The Abbott and Costello Show is a comedy program from the era of old-time radio in the United States. It was broadcast first on NBC and later on ABC, beginning on July 3, 1940 and ending on June 9, 1949.

==Format==
Film stars Bud Abbott and Lou Costello adapted their talents to radio for the 30-minute weekly comedy program. Vincent Terrace, in his book, Radio Programs, 1924-1984: A Catalog of More Than 1800 Shows, wrote, "Many of the skits revolved around Bud and Lou's efforts to succeed in some sort of business venture." The sketches were often culled from their vaudeville act.
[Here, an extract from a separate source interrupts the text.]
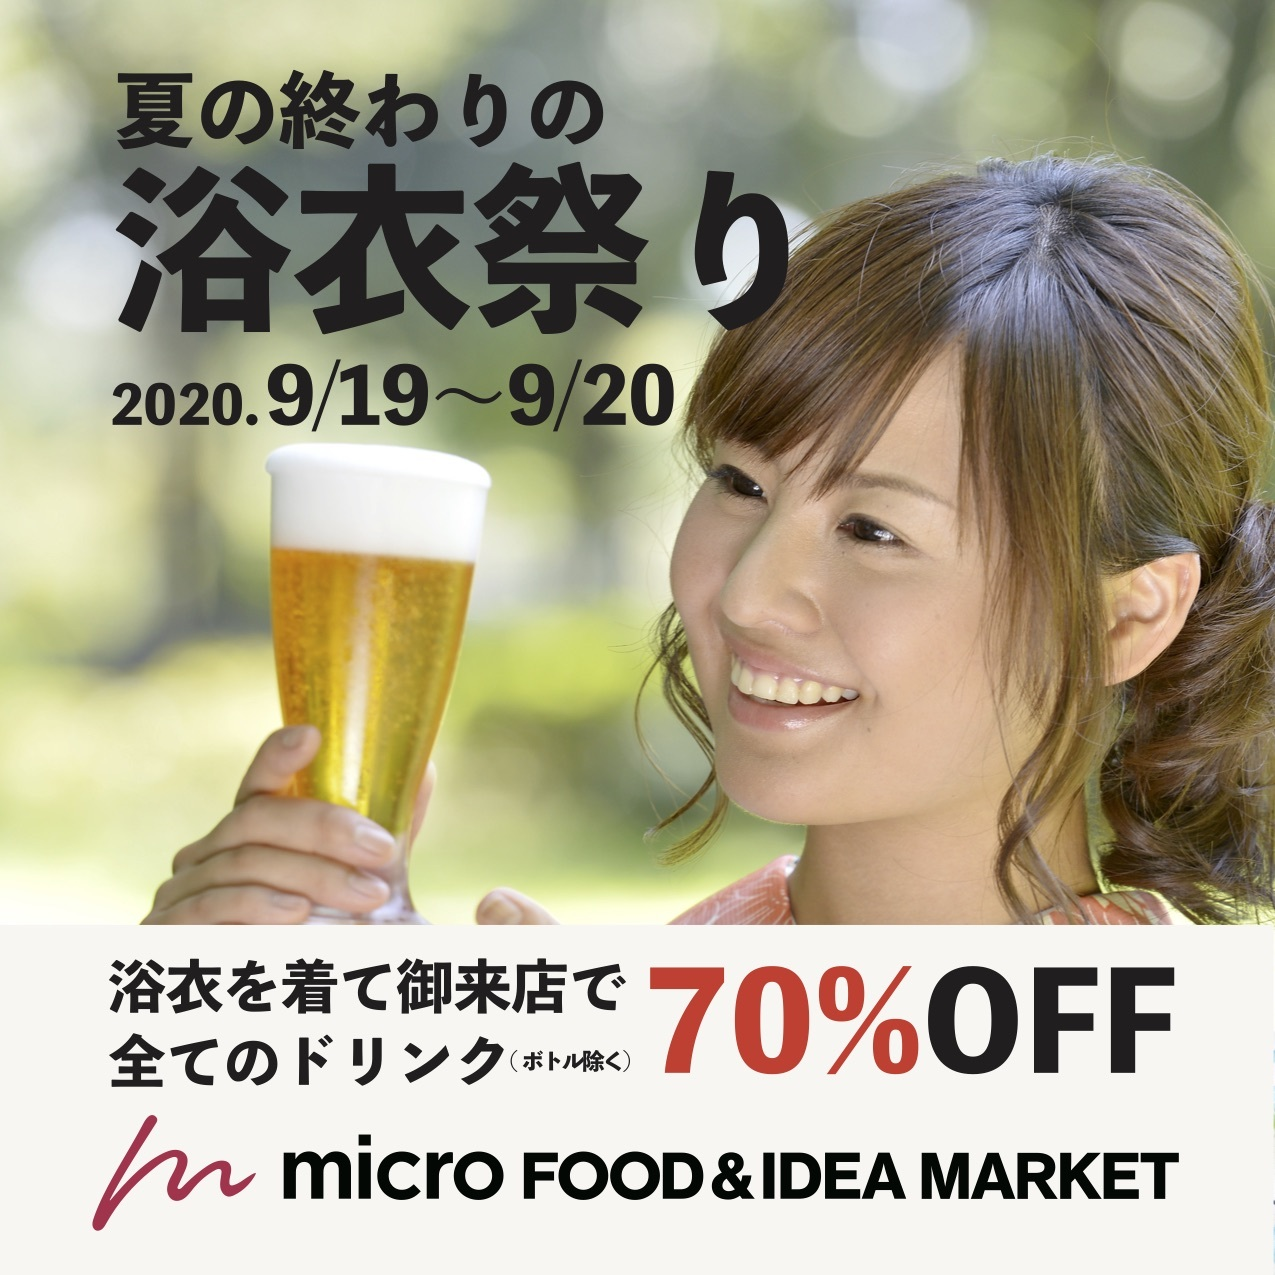 【夏の終わりの浴衣祭り(9/19-9/20)】のイメージ画像

Abbott and Costello became one of the top radio comedy acts of the 1940s.

==Personnel==
Supporting players included Elvia Allman (usually as Mrs. Niles, fictional wife of announcer Ken Niles), Joe Kirk (Costello's brother-in-law, most often as a heckler), Artie Auerbach as Mr. Kitzel, Iris Adrian (as Costello's sometimes girlfriend Lena Genster), Mel Blanc (many characters, including guest spots as Bugs Bunny), Sidney Fields (as Melonhead), Wally Brown, John Brown, Sharon Douglas, Verna Felton, Frank Nelson, Kent Rogers, Martha Wentworth and Benay Venuta. Guest stars included Cary Grant, Frank Sinatra, the Andrews Sisters and Lucille Ball.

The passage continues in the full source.